* Problem details:
Write the data out in full and word for word. Do not include images.

━━━ Input data ━━━

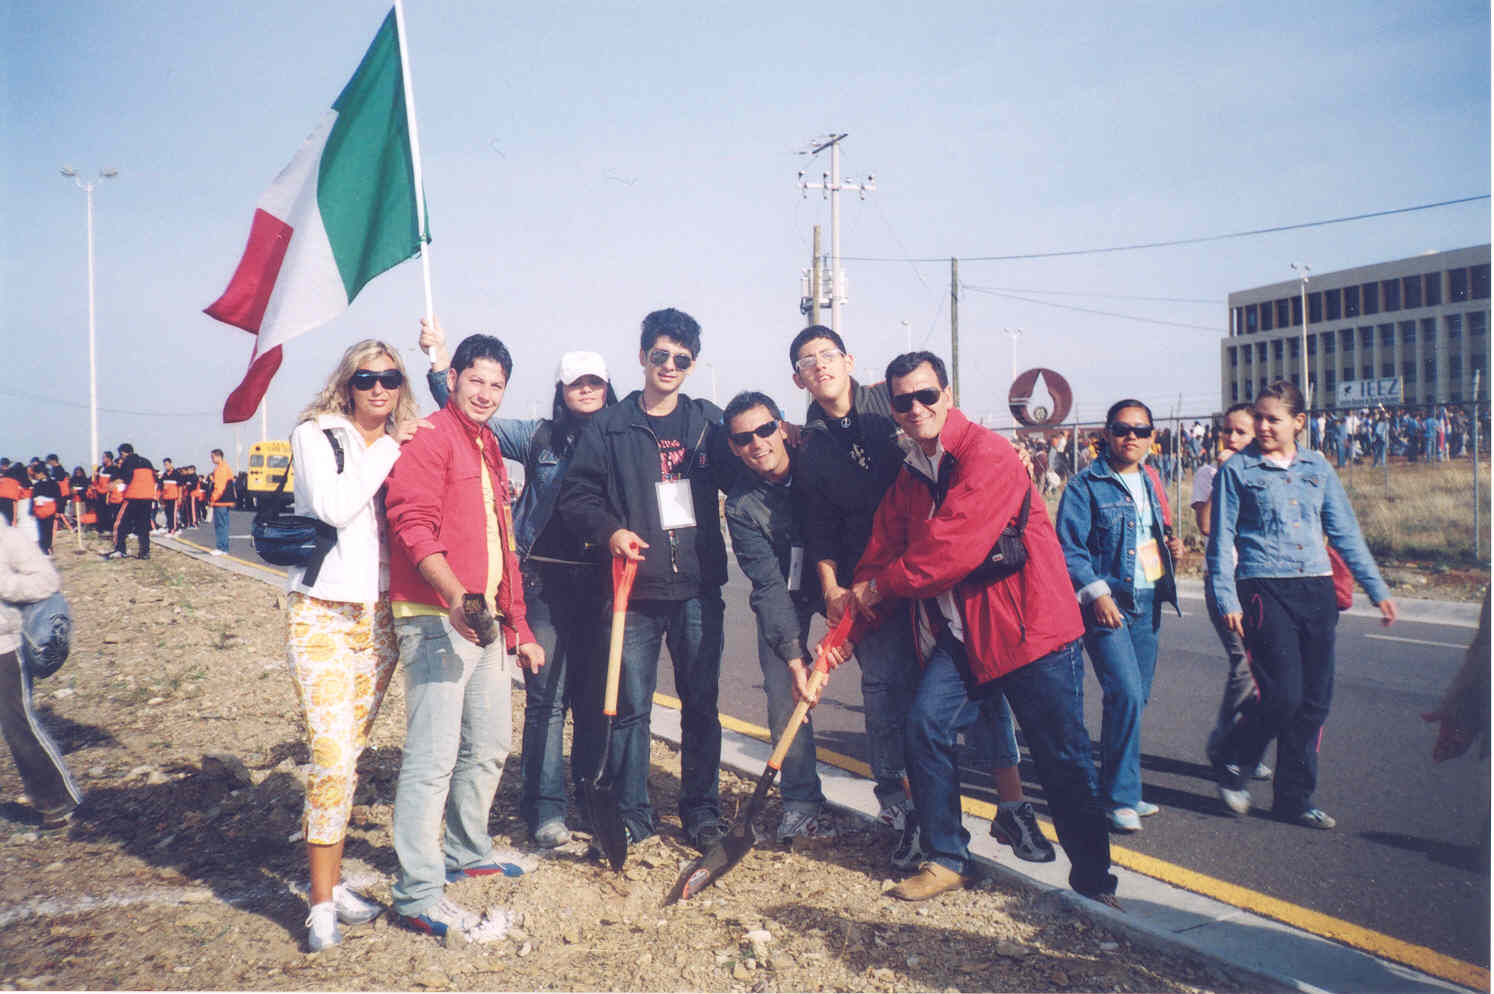 Zacatecas_foto_n.1.jpg
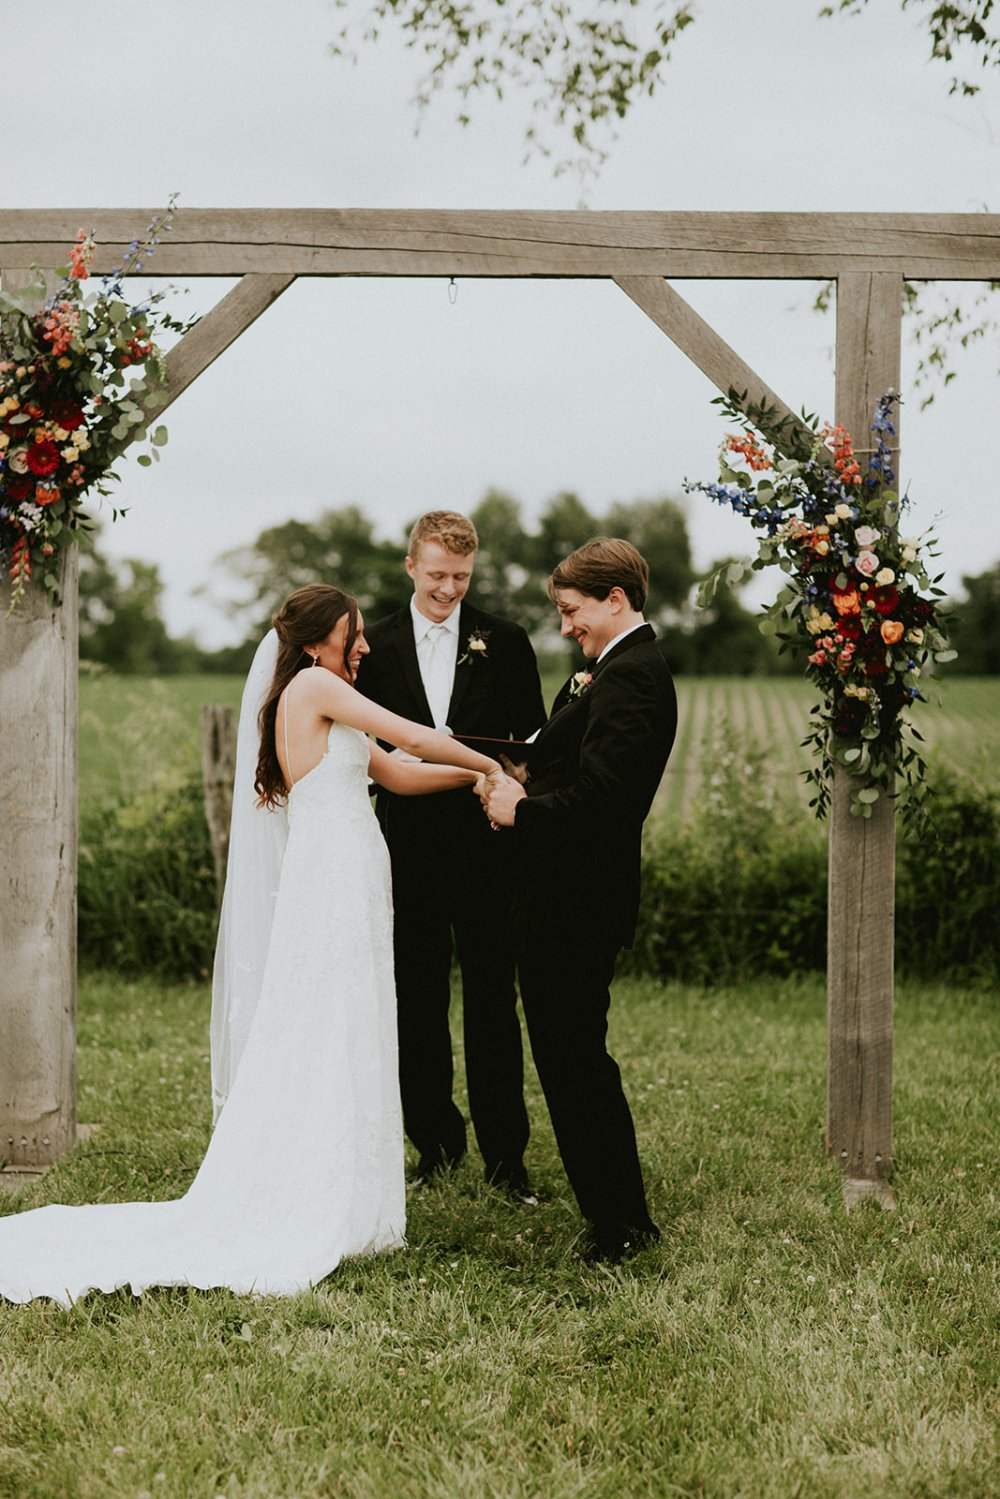 Calan-Adam-WEDDING-JUNE-2019-144 2.jpg
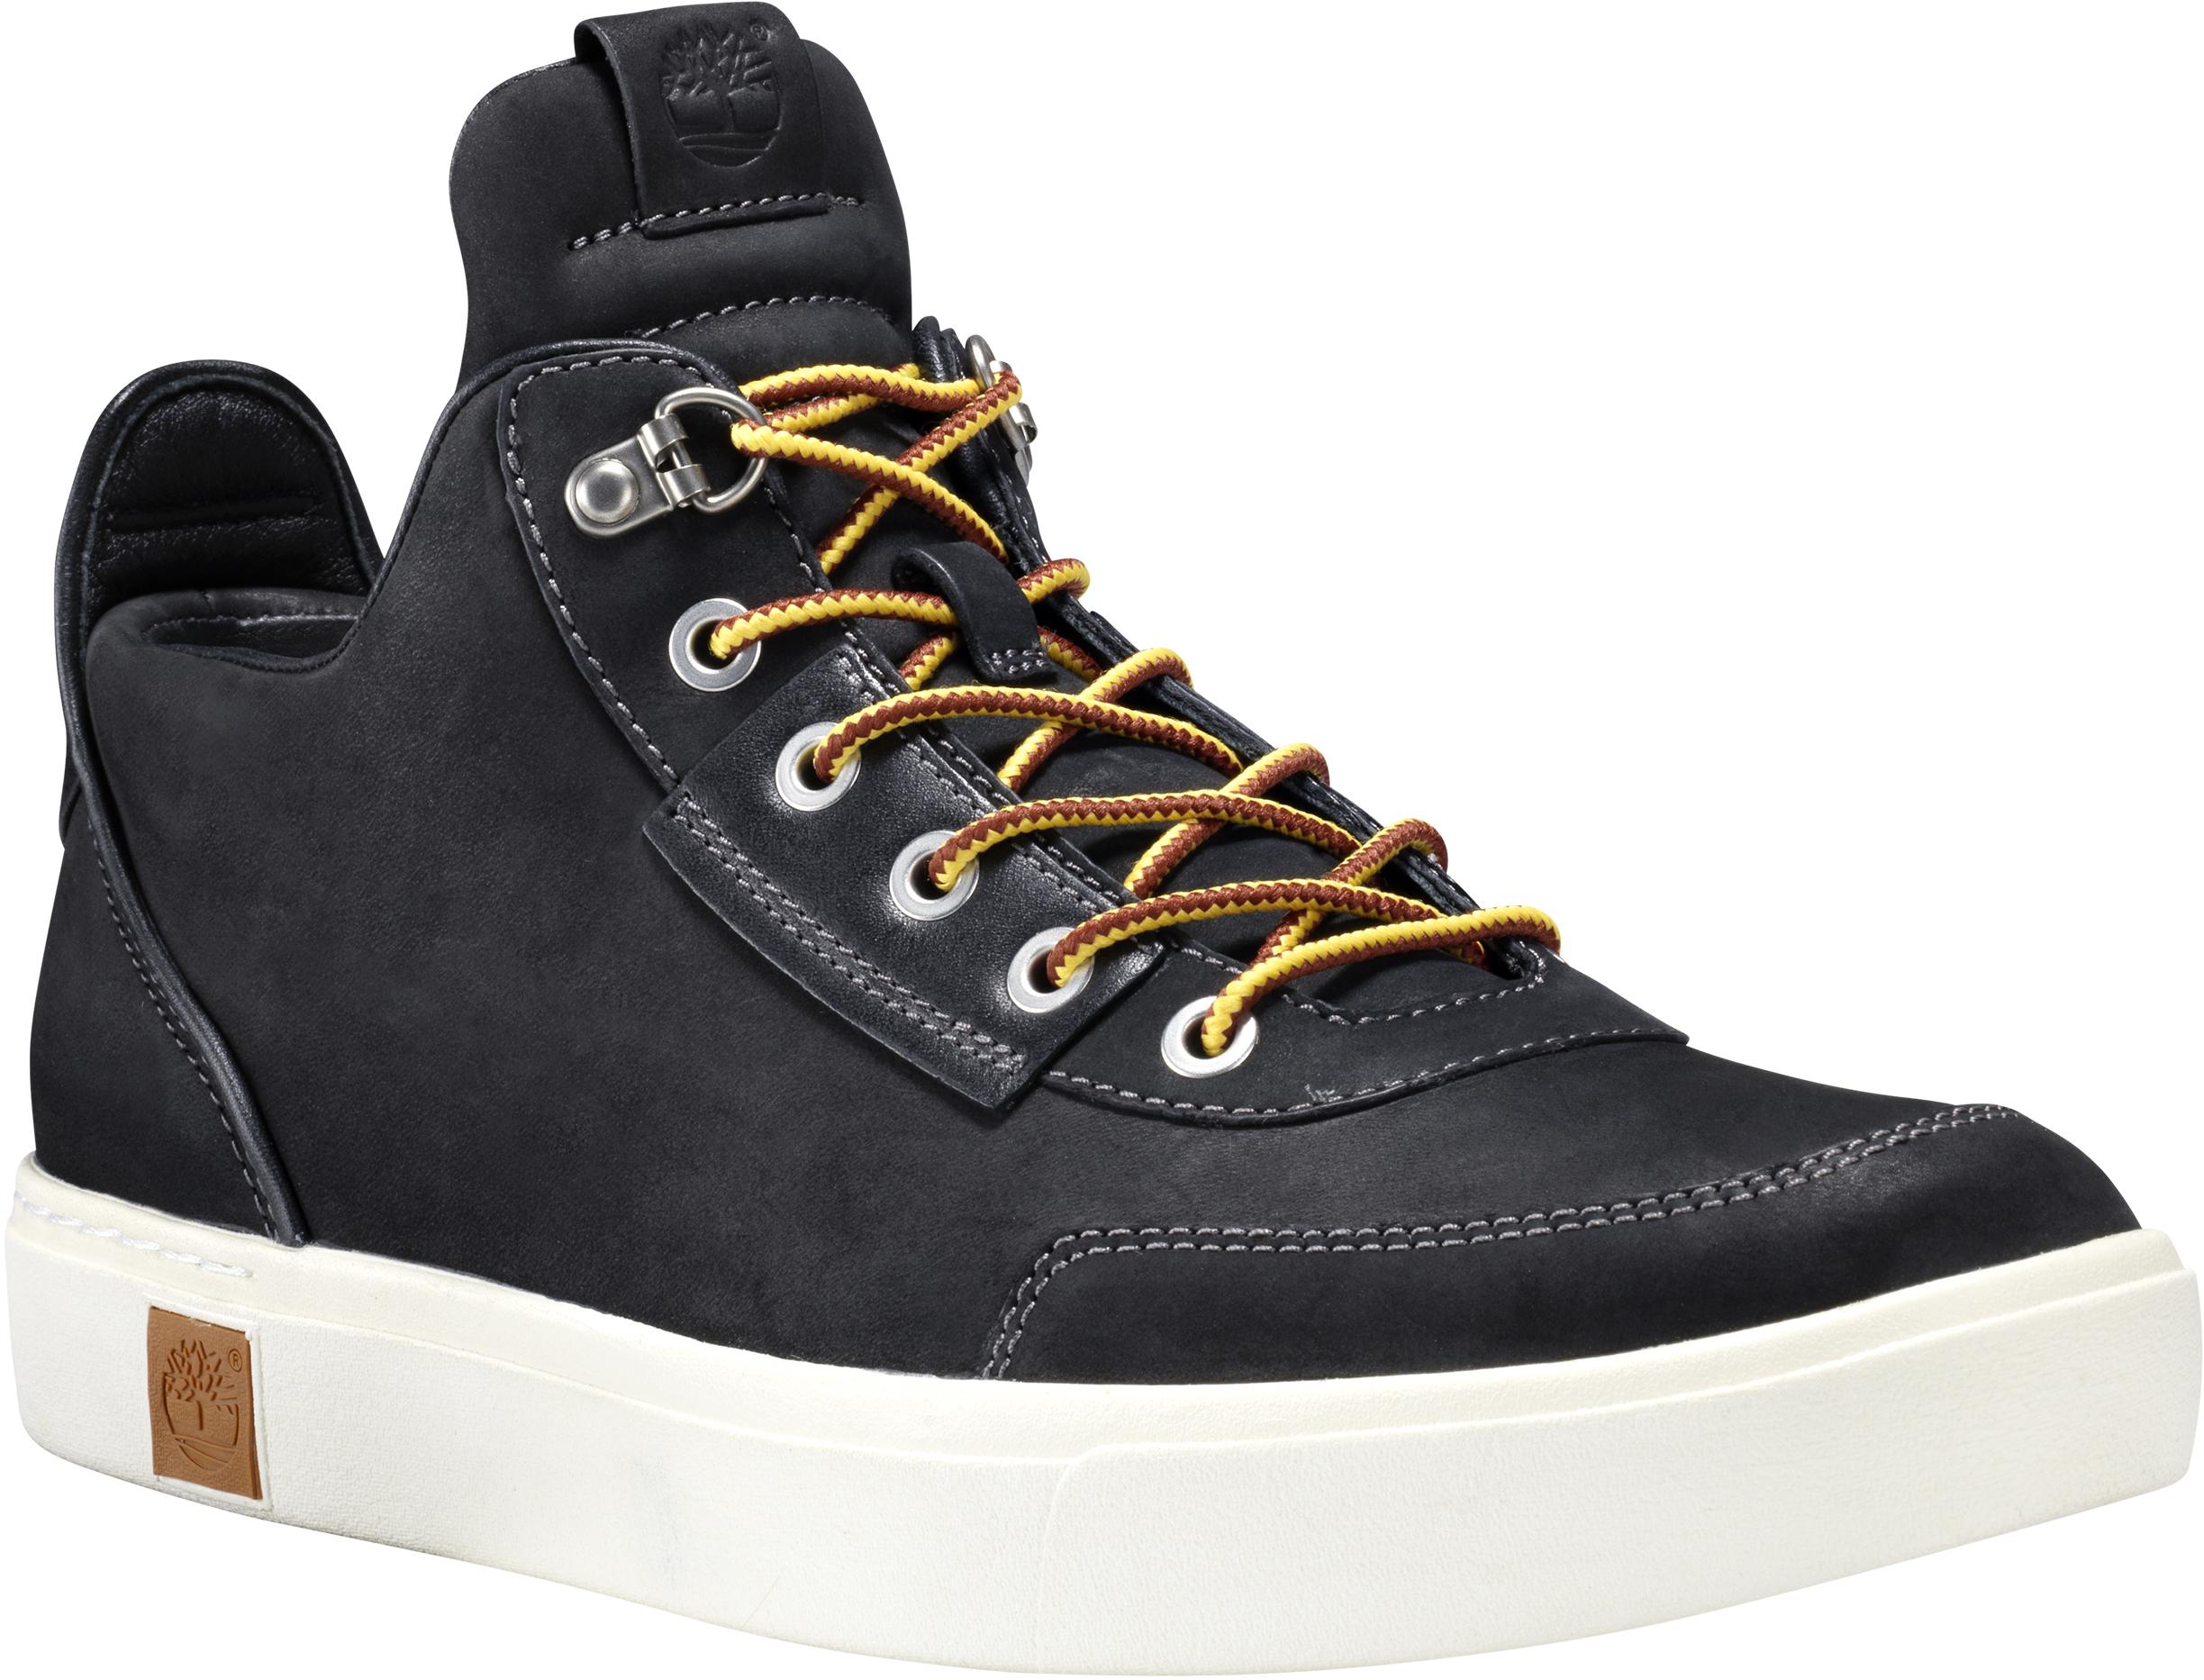 Timberland Amherst High Top Chukka Boots Sneakers Ultra Light Men's Shoes

━━━

* Result for this exercise:
 Zacatecas_foto_n.1.jpg
 Calan-Adam-WEDDING-JUNE-2019-144 2.jpg
 Timberland Amherst High Top Chukka Boots Sneakers Ultra Light Men's Shoes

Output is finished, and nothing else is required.